The best cure for your sleep problem could be to change your wake time and morning routine. Some people don’t realize it, but your sleep habits also include what happens when you wake up.

So if you want to go to sleep earlier, you need to wake up earlier as well. Think about it. If you’re waking up at 11:00AM every day, the chances of you being tired enough to go to sleep at 10:00PM are slim since your body has only been awake for less than 12 hours.

So how do you wake up earlier? Well, the same way you set a regular bedtime and sleep routine, you’ll need a regular wake time and morning routine. It might be going for a run first thing in the morning, or showering and early meditation. 

The key is just to establish a routine so your body gets in the habit of waking up at a certain time every morning. And of course, it’ll help your body’s sleep rhythm as well since you’re going to sleep and waking up around the same time every day.

9. Nap With Caution

When you’re not sleeping enough at night, your body’s natural reaction is to get sleepy during the day. And of course, that leads to naps.

Naps can be a nice way to recharge your body in the middle of a long grueling day. But be careful! If you’re taking too many naps or napping for too long, it might make your sleep deprivation even worse. 

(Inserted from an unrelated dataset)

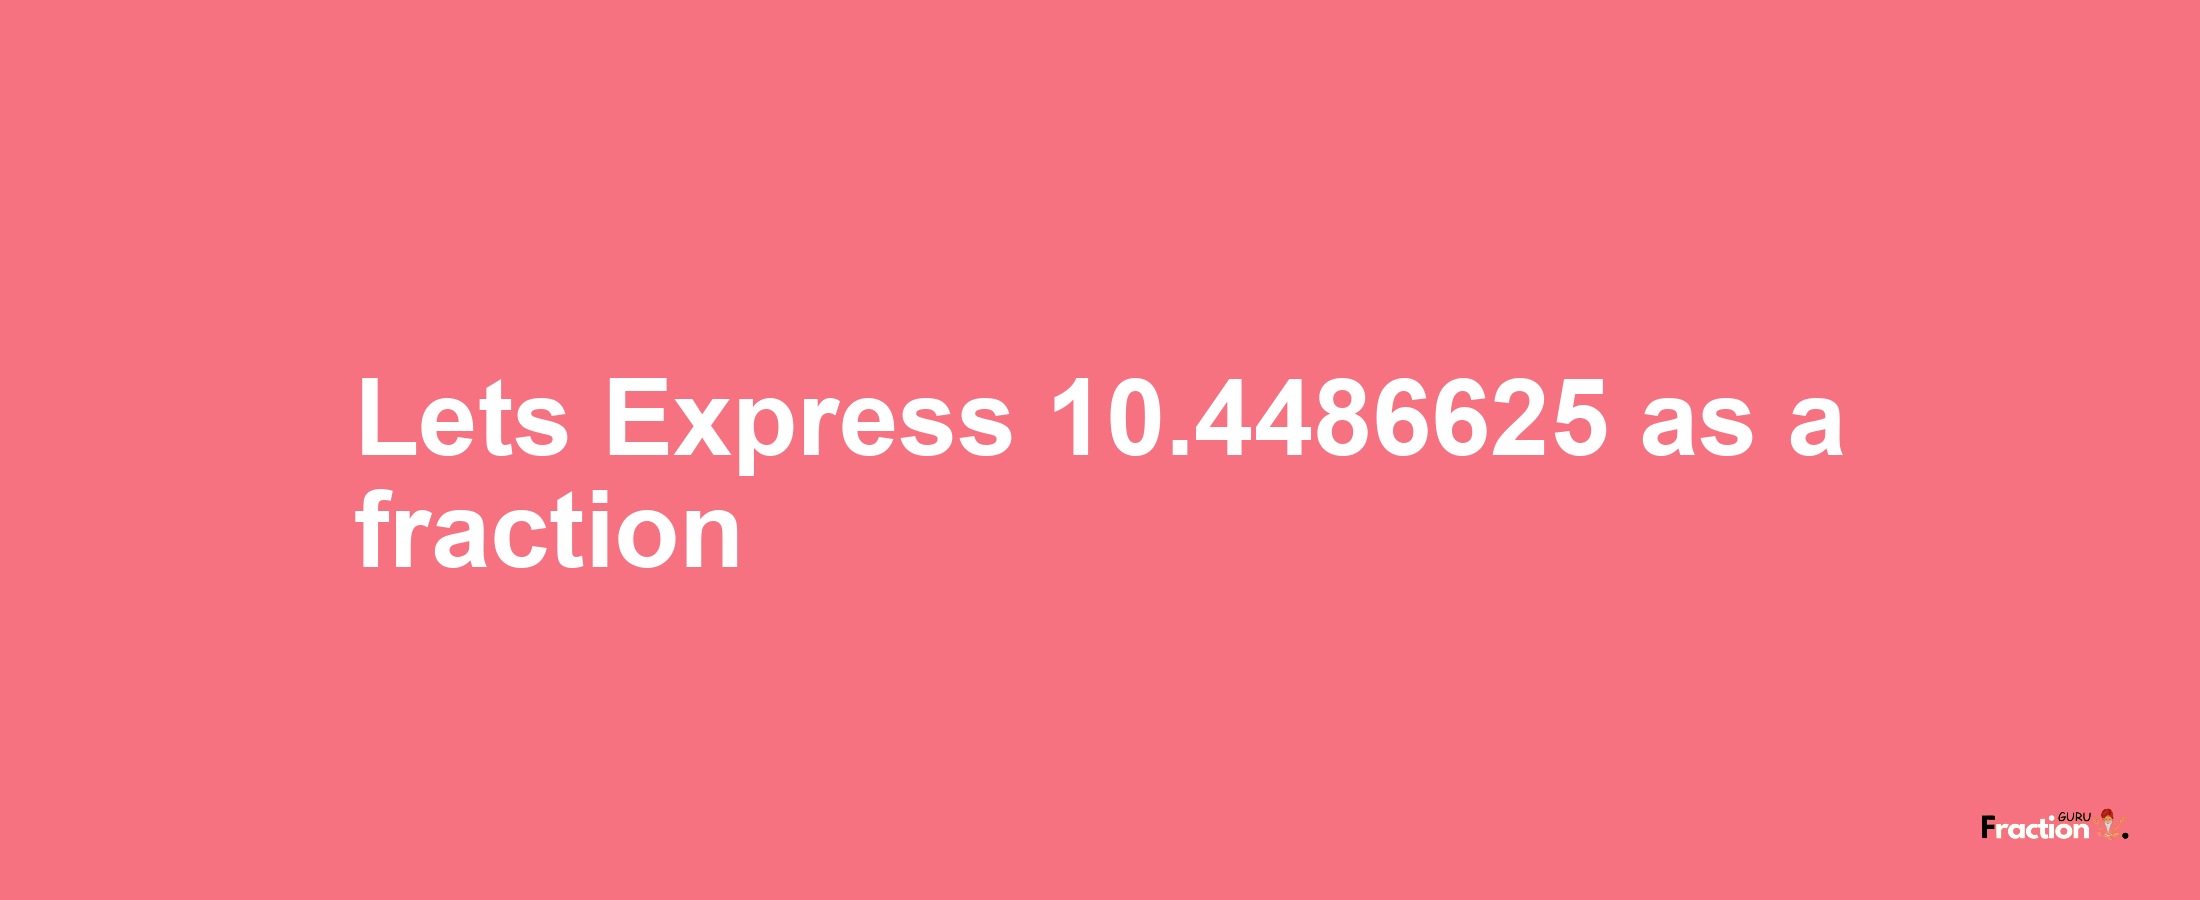 Lets Express 10.4486625 as afraction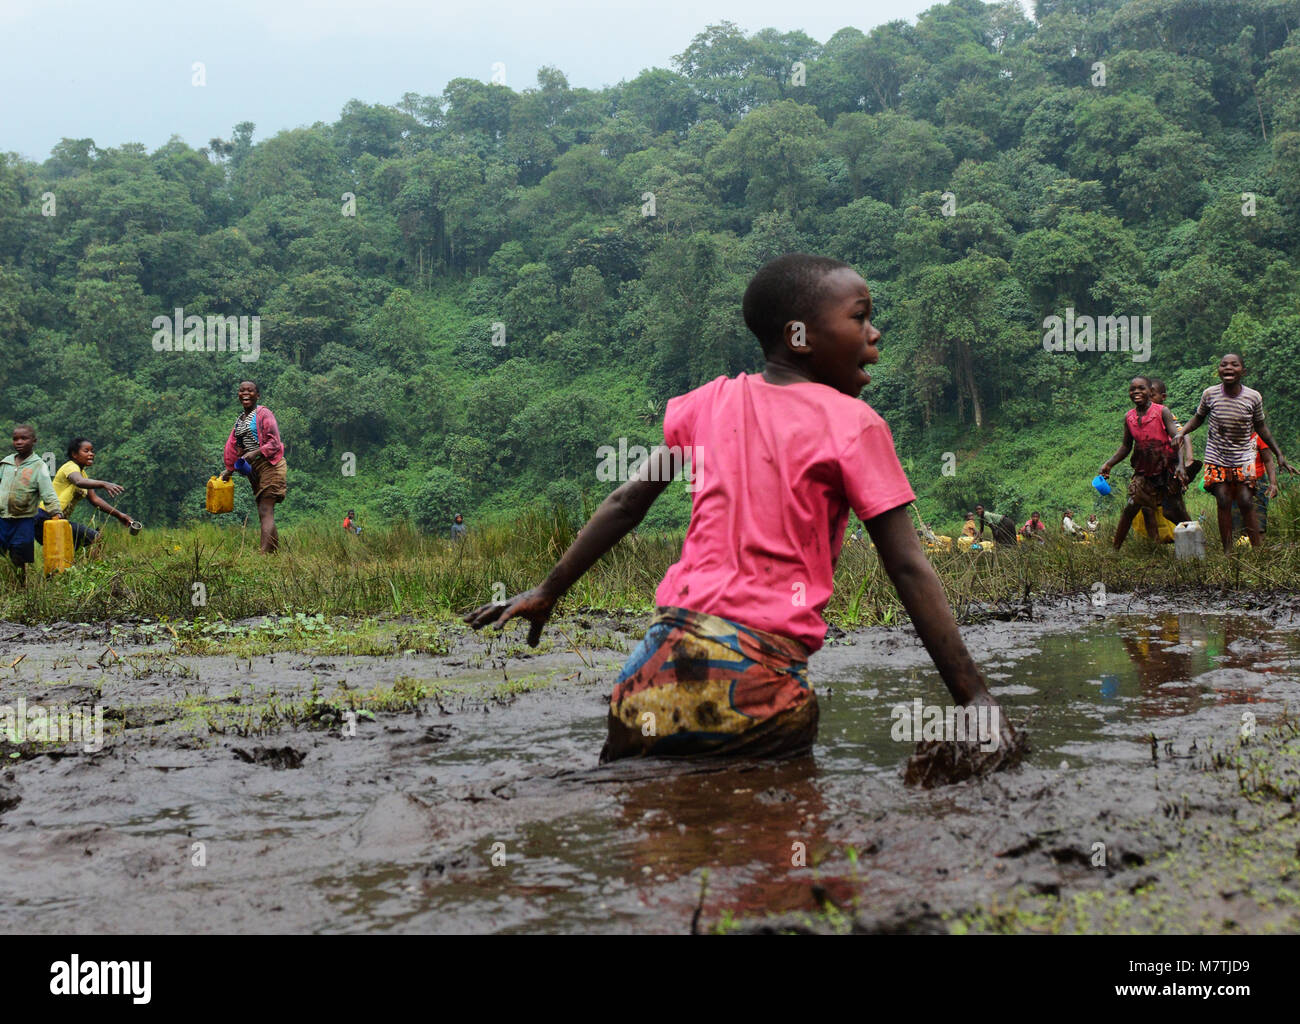 Congolese villagers fill their water supply from this Muddy pond. The only good water source they have. Stock Photo

Remember, your body has a natural circadian clock that it wants to follow. Taking a nap in the middle of the day for hours can throw that off.

So how long should you nap? Generally the shorter the better. But according to some sleep research conducted by NASA, 40-minute naps improved alertness 100%.

Say Goodbye to Sleep Deprivation & Hello to the Best Sleep of Your Life

Falling asleep can be stressful for many of us, and sleep deprivation is no joke. But trying to set a regular bedtime and sleep schedule can help your body fall asleep more easily. Try incorporating these tips into your life to sleep better and see if you’re able to finally wake up feeling recharged and renewed.